The government says it includes after school supports, wellness education, as well as new residential mental health services for young people in the Calgary and Edmonton regions.
Health Minister Fred Horne made the announcement Friday at a southwest Edmonton high school, saying the move would get access to families more quickly.
"We have good capacity when it comes to adult services, but where we've been lacking is in children and youth. That waiting time from when someone is identified as needing treatment and when they actually receive the treatment is critically important," Horne said.
"What we're trying to capitalize on both within the community and the residential treatment system is faster response to people.
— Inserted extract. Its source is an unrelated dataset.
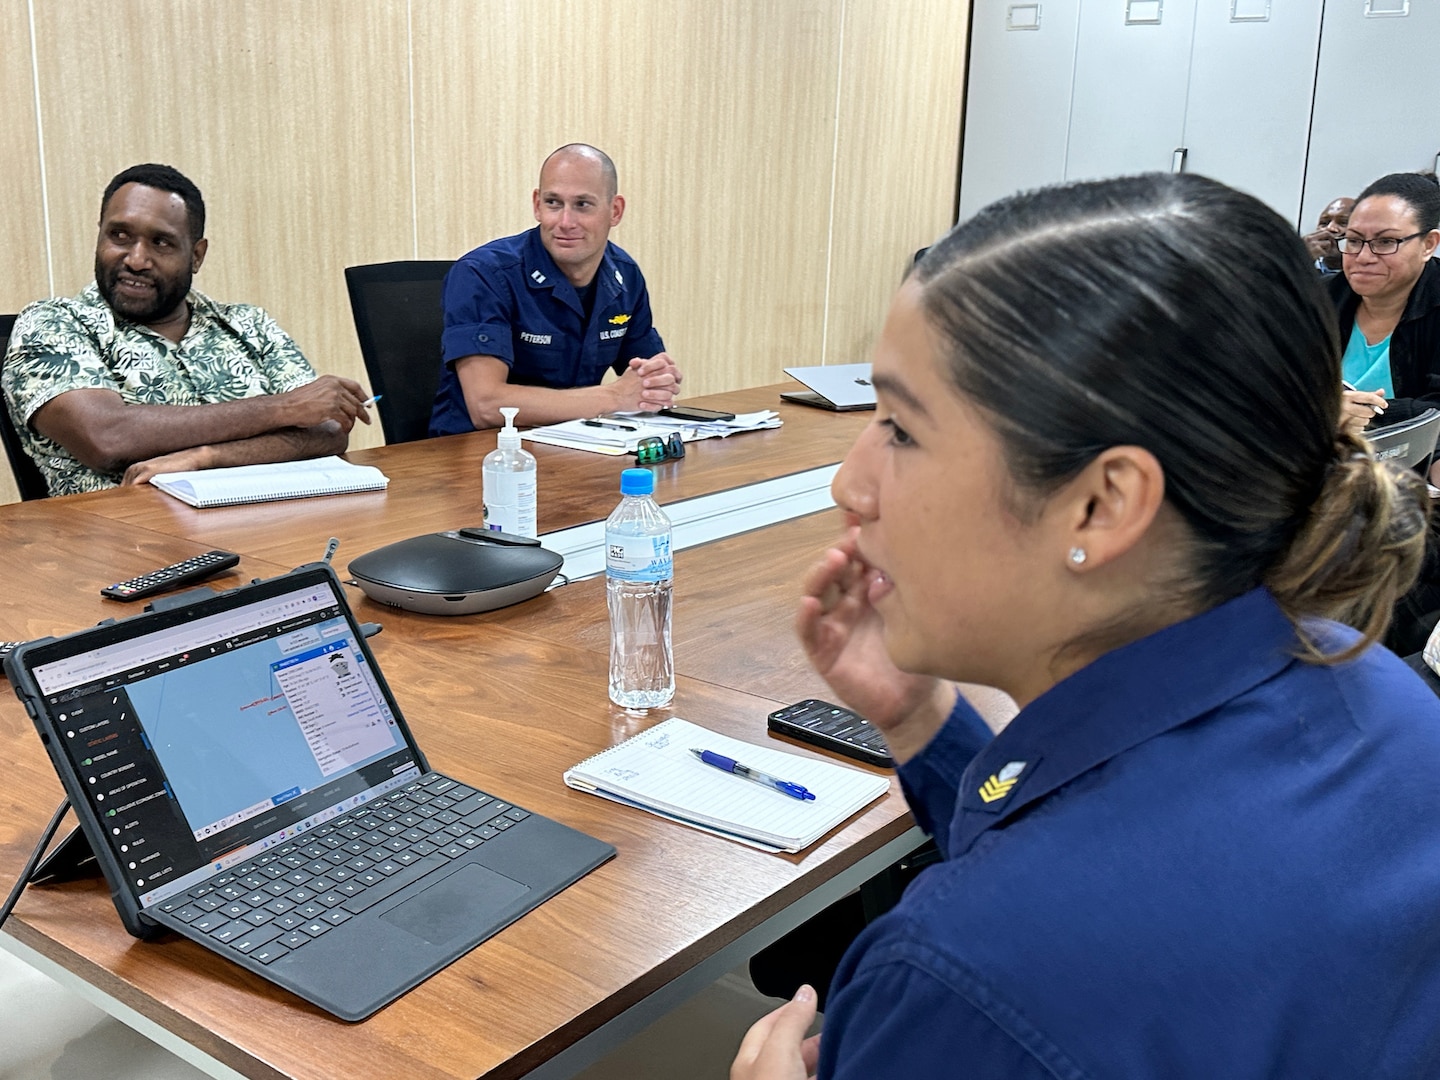 Petty Officer 1st Class Monse Rivera of U.S. Coast Guard 14th District gives partners at the Customs Services an overview of maritime domain awareness tools during a subject matter exchange in Port Moresby, Papua New Guinea, on 18, Aug. 2023. The U.S. Coast Guard is in Papua New Guinea at the invitation of the PNG government to join their lead in maritime operations to combat illegal fishing and safeguard maritime resources following the recent signing and ratification of the bilateral agreement between the United States and Papua New Guinea. (U.S. Coast Guard photo by Chief Warrant Officer Sara Muir)

When the child or youth in the family indicates that they are receptive to receiving help, our view is that the system should come to them."
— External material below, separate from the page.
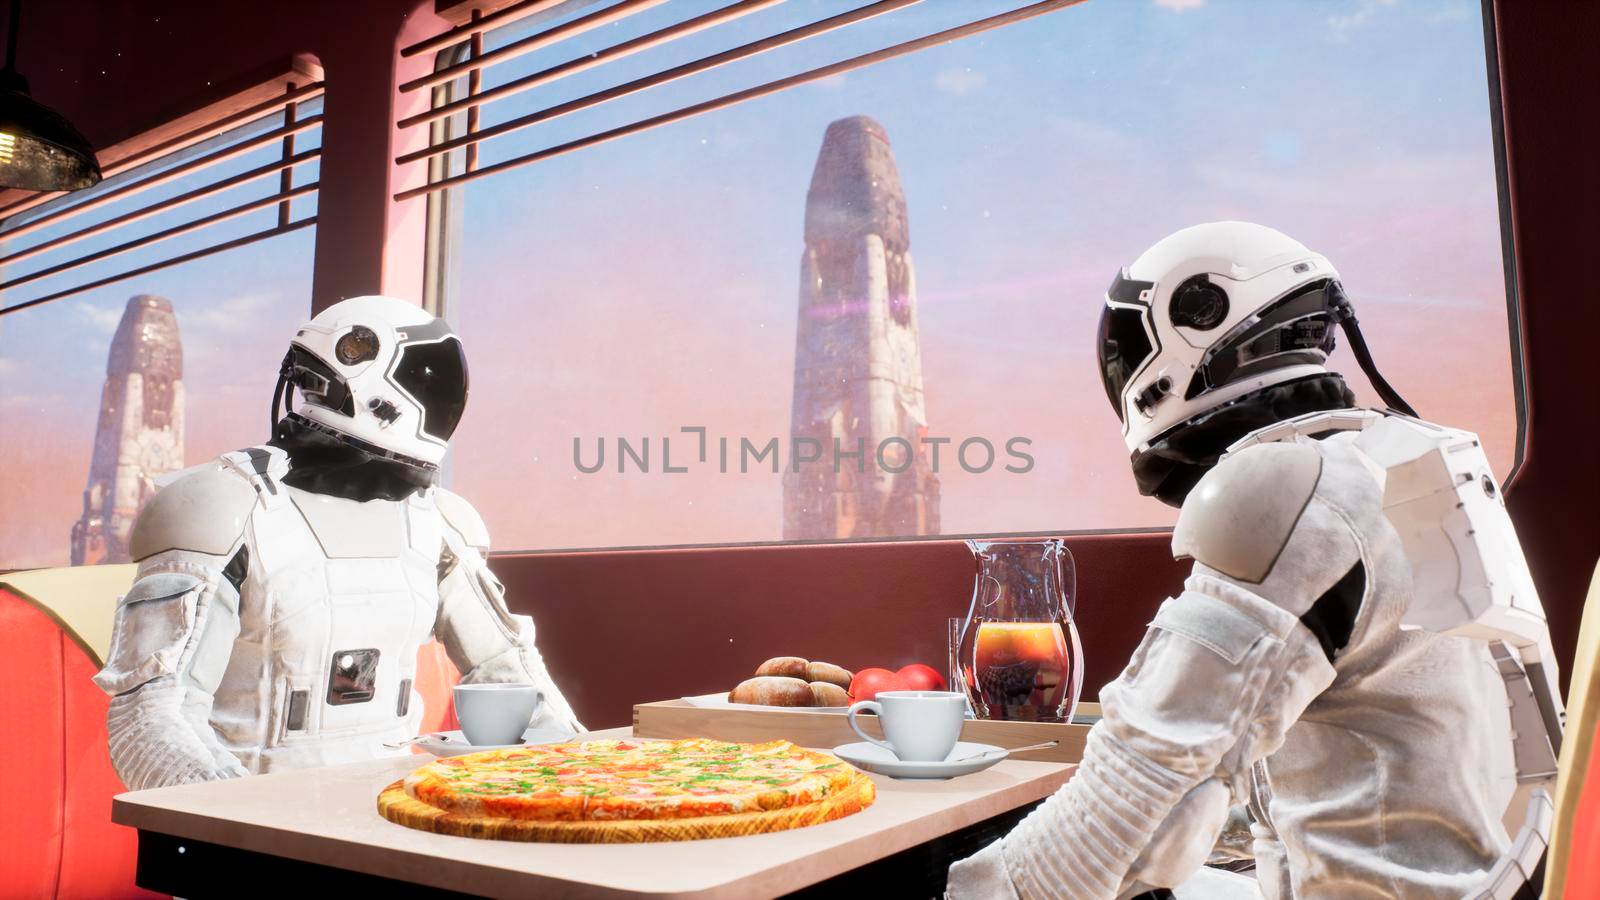 On a distant red planet, astronauts have lunch at a local eatery. 3D Rendering. by designprojects

Interim Premier Dave Hancock says the money will benefit more than 315,000 youth and children who participate in mental health programs.
A total of $48 million is being spent to support the implementation of Alberta’s addiction and mental health strategy, a $28 million increase over last year.
The $48 million is in addition to the $600 million Alberta Health Services budgets to deliver mental health and addiction programs and services.
NDP Education critic Deron (DARE-UN) Bilous says the Tories are being hypocritical.
"When we look at mental health and bullying being one of the issues, on Monday, motion 503 dealing with gay-straight alliances and the opportunity for students to be able to form them in their schools, that was voted down by the same government.
"So on the one hand talking about funding mental health yet legislating against that, I think, is a bit of a contradiction."